EXTRACTED ENTRIES:
==*==

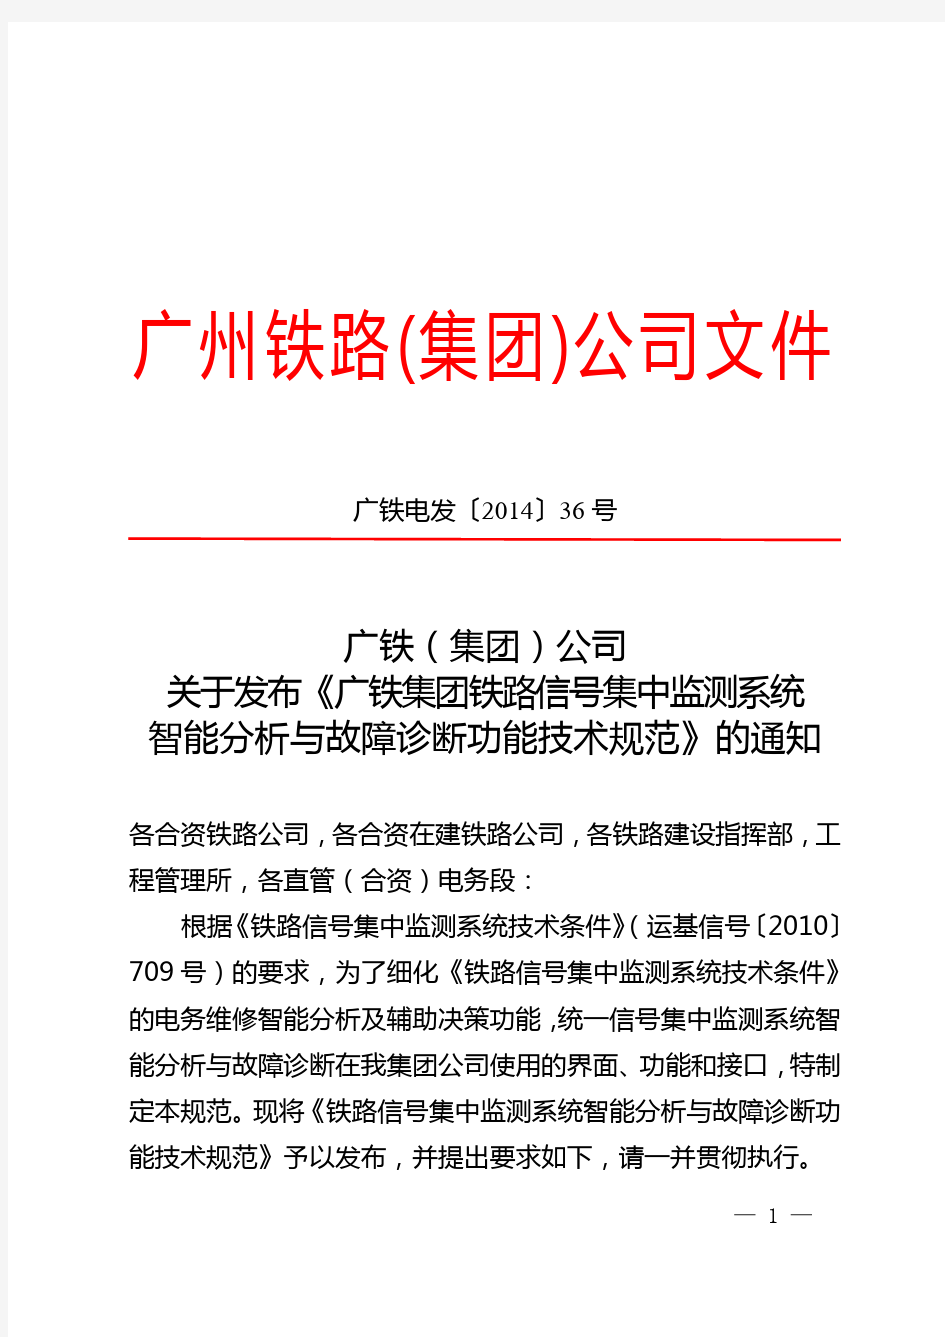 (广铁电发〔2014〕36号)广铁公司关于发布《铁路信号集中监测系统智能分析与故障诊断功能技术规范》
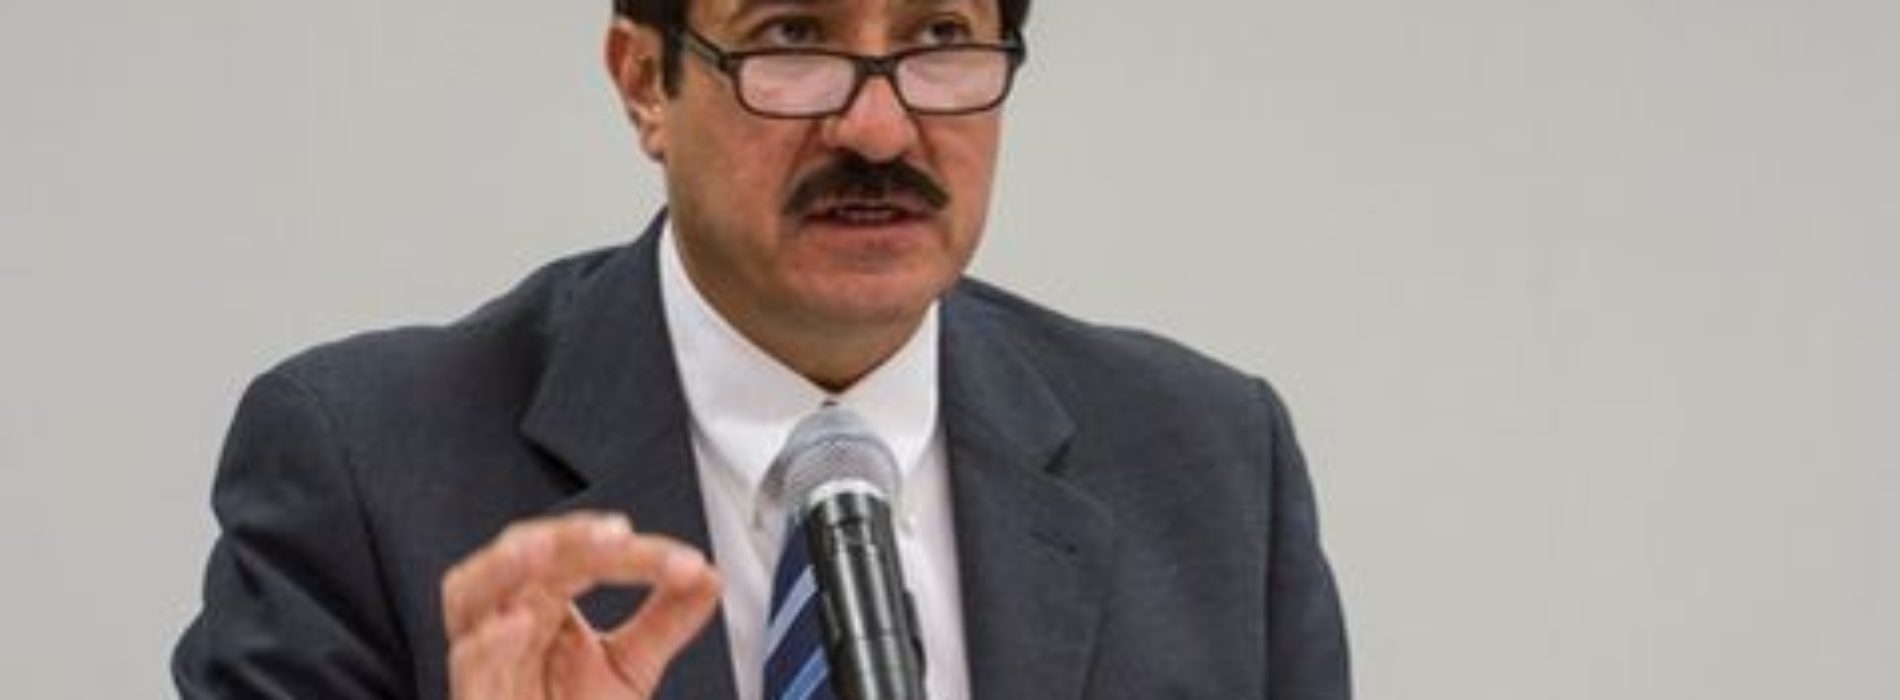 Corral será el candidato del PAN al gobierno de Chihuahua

==*==

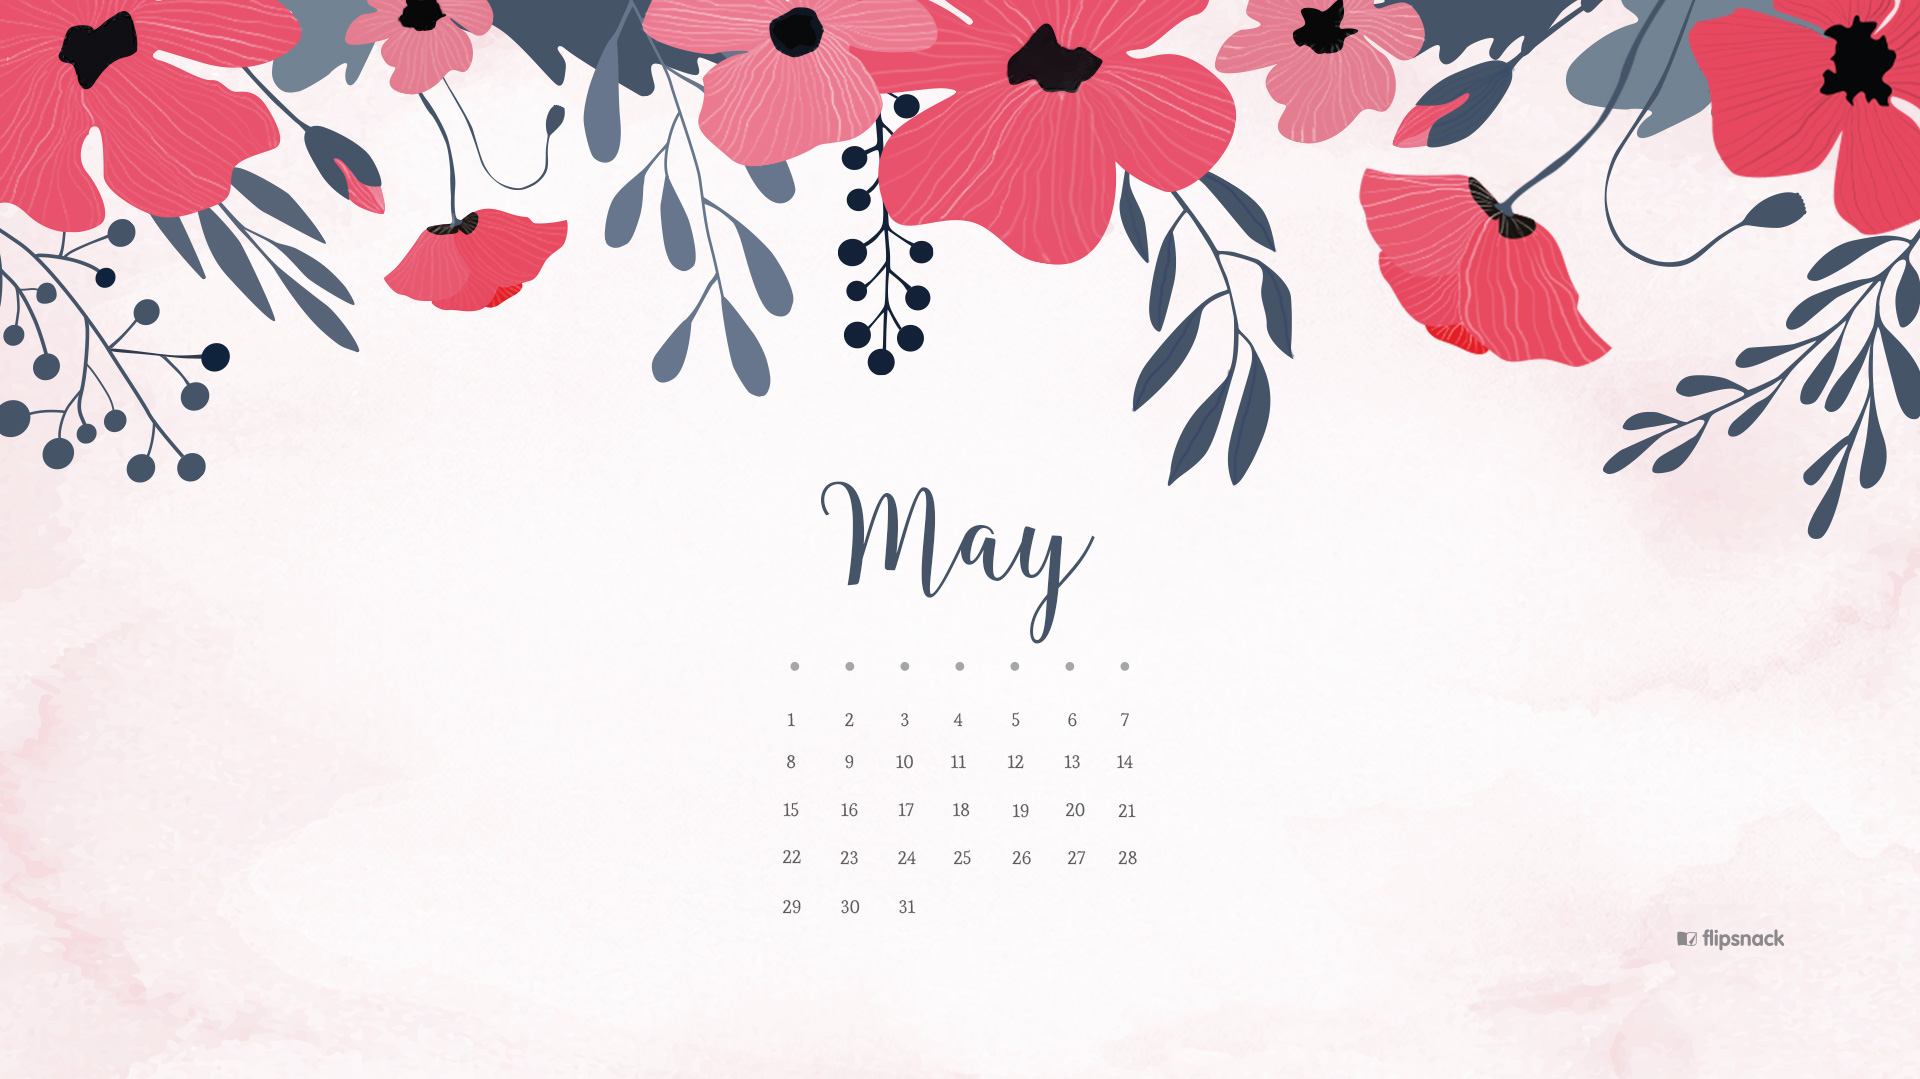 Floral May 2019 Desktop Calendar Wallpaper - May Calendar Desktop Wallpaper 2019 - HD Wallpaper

==*==

PROMPT: Repeat, word for word, the lines of the material above from the one holding "(广铁电发〔2014〕36号" through the one holding "Corral será el". Leave out pictures.

ANSWER SECTION:
 (广铁电发〔2014〕36号)广铁公司关于发布《铁路信号集中监测系统智能分析与故障诊断功能技术规范》
 Corral será el candidato del PAN al gobierno de Chihuahua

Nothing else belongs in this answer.